En collaboration avec Numéro Art

On l’aura rarement aperçu sans son masque durant les dernières années de sa vie. Maître du graffiti, peintre, sculpteur, rappeur, mais aussi créateur de costumes, d’objets et d’accessoires en tous genres, Rammellzee (1960-2010) est resté jusqu’à sa disparition un artiste aussi mystérieux qu’inclassable, dont on commence tout juste à saisir le génie.

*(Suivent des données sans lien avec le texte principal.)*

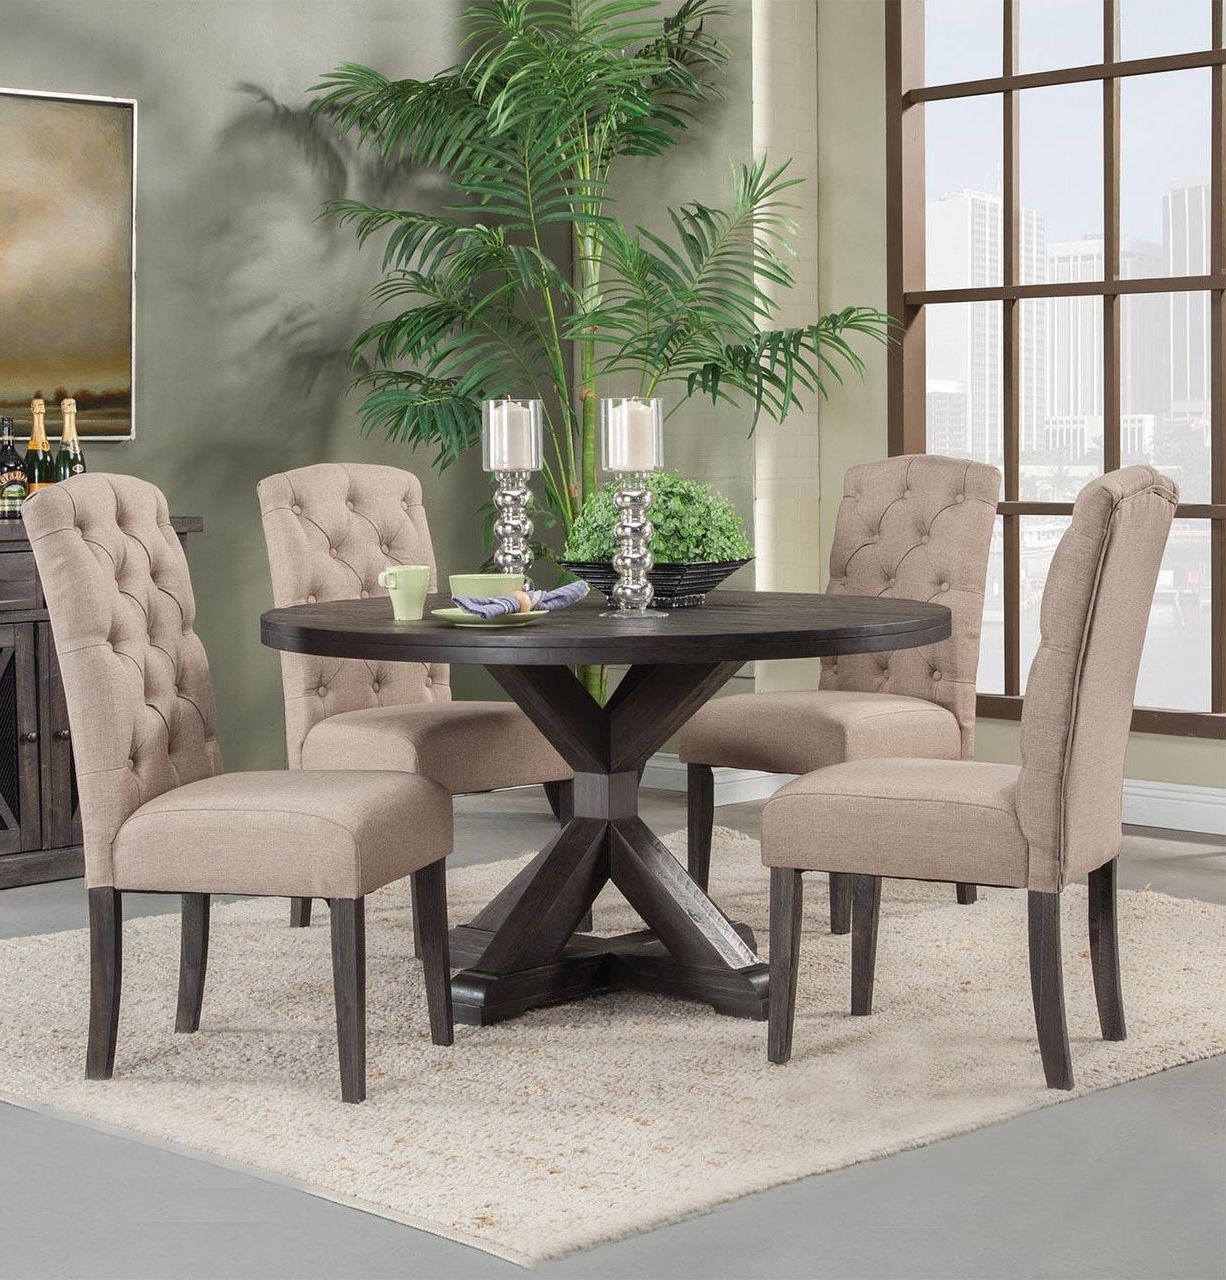 Most Recent Round Dining Tables With Regard To Set Tables Dining Room For Circle Extending Appealing Large Oak (View 25 of 25)

Quinze ans après sa disparition prématurée, le Palais de Tokyo à Paris lui consacre, jusqu’au 11 mai, sa première rétrospective en France. Riche d’une centaine d’œuvres, dont certaines raretés encore jamais montrées, celle-ci se prolongera, en 2026, par un deuxième volet au Centre d’arts plastiques contemporains (Capc) de Bordeaux, pour continuer d’explorer en profondeur l’héritage de ce personnage complexe et éminemment singulier.

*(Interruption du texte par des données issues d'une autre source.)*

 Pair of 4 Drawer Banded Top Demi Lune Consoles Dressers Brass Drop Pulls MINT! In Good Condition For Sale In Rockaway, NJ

Dès ses débuts, dans le New York des années 1970, Rammellzee se distingue en créant, mais aussi en théorisant sa propre langue. Se décrivant lui-même comme un « soldat gothique », l’artiste fait des mots et des lettres les armes d’une guerre contre les puissant∙es qui nous contrôlent par le langage, en les vidant de leur sens connu pour y injecter de nouvelles significations mystérieuses. En 1979, à l’âge de 19 ans seulement, il adopte le pseudonyme RAMMΣLLZΣΣ et produit son propre manifeste, où il théorise ses deux philosophies : le « Gothic Futurism » et l’« Ikonoklast Panzerism », nés de son obsession d’une part pour l’iconographie et la typographie gothiques, d’autre part pour la science-fiction et l’imagerie d’horreur. « Rammellzee grandit à Far Rockaway, dans le Queens à New York », précise Hugo Vitrani, commissaire de sa rétrospective au Palais de Tokyo. « Il vit à côté des arches du métro aérien, qu’il voit comme des portes vers le futur. » – Et qui deviendront son premier terrain de jeu.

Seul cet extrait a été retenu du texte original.